# looking for a good bow



## dpcowboy07 (Oct 24, 2007)

Me and my step dad are looking into bow hunting for the challenge. I was wanting some input on a good bow i should go with for a good starter bow, im willing to spend the money if i need too.I just want a less exspensive bow to make sure i like it first all input will be greatly appreciated being my aknowledge on bows is not the best. thank you


----------



## mavrik (Mar 10, 2010)

Look at the Mission line made by Mathews.


----------



## devil1824 (Sep 4, 2010)

My son,dad and coworker all have a Mission. Lots of good bows out there. Find a small mom and pop shop to get the most help. Shoot as many as you can.


----------



## capt.dru (Oct 24, 2009)

Try to find a used Mathews, can't go wrong with any if their bows.

Sent from my EVO 4G


----------



## THE JAMMER (Aug 1, 2005)

Mission Craze. Maximum flexibility in draw length and weight adjustment. REmember, if you get into the sport, you will not have your first bow too long, and will want to sell it to get your next one.

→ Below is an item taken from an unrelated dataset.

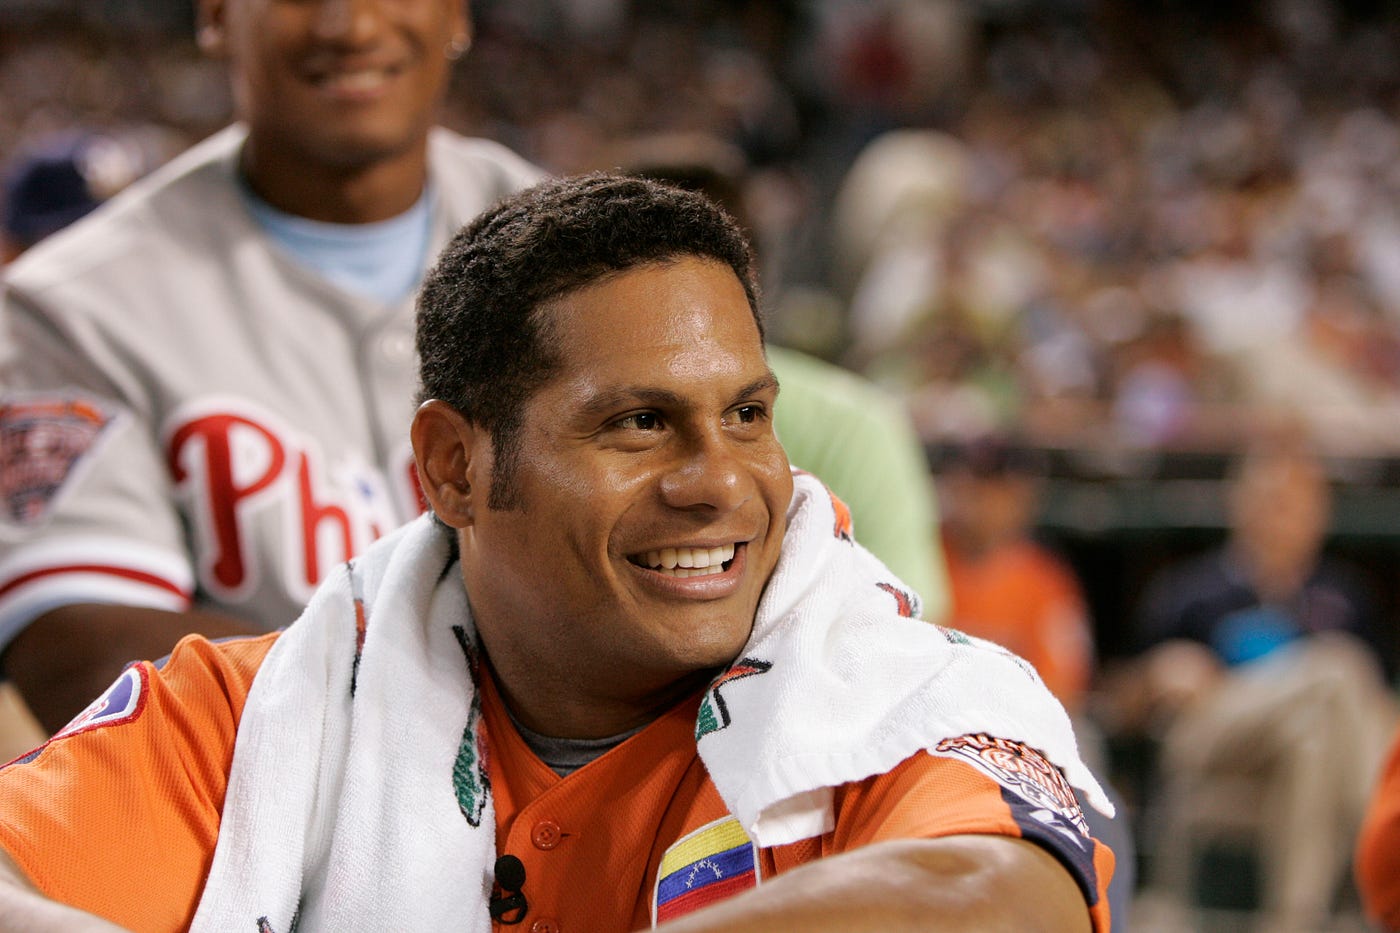 Bobby Abreu sets record at the Home Run Derby

It's nice to have a bow to sell that will fit ANYONE. 

Plus the Craze is a great bow in and of itself. 28" axle to axle, infinite draw length adjustment; weight 25 or so -70#. What's not to like.

There is an old adage in real estate that says, "never buy something you can't sell." We might apply that axiom to lots of things we buy.

THE "BEEN THERE DONE THAT" JAMMER


----------



## dpcowboy07 (Oct 24, 2007)

I appreciate the feed back guys the only archery shop close to my house is bass pro I'm headed there tonight to shoot a couple ofbows measure my draw length and see what a comftorable pull back is for me. there is a really good archery store about two hours down the road I will let y'all know what I find out and what y'all think


----------



## TXwhtlHNTR (Nov 19, 2008)

Try a recurve or long bow just for fun.


----------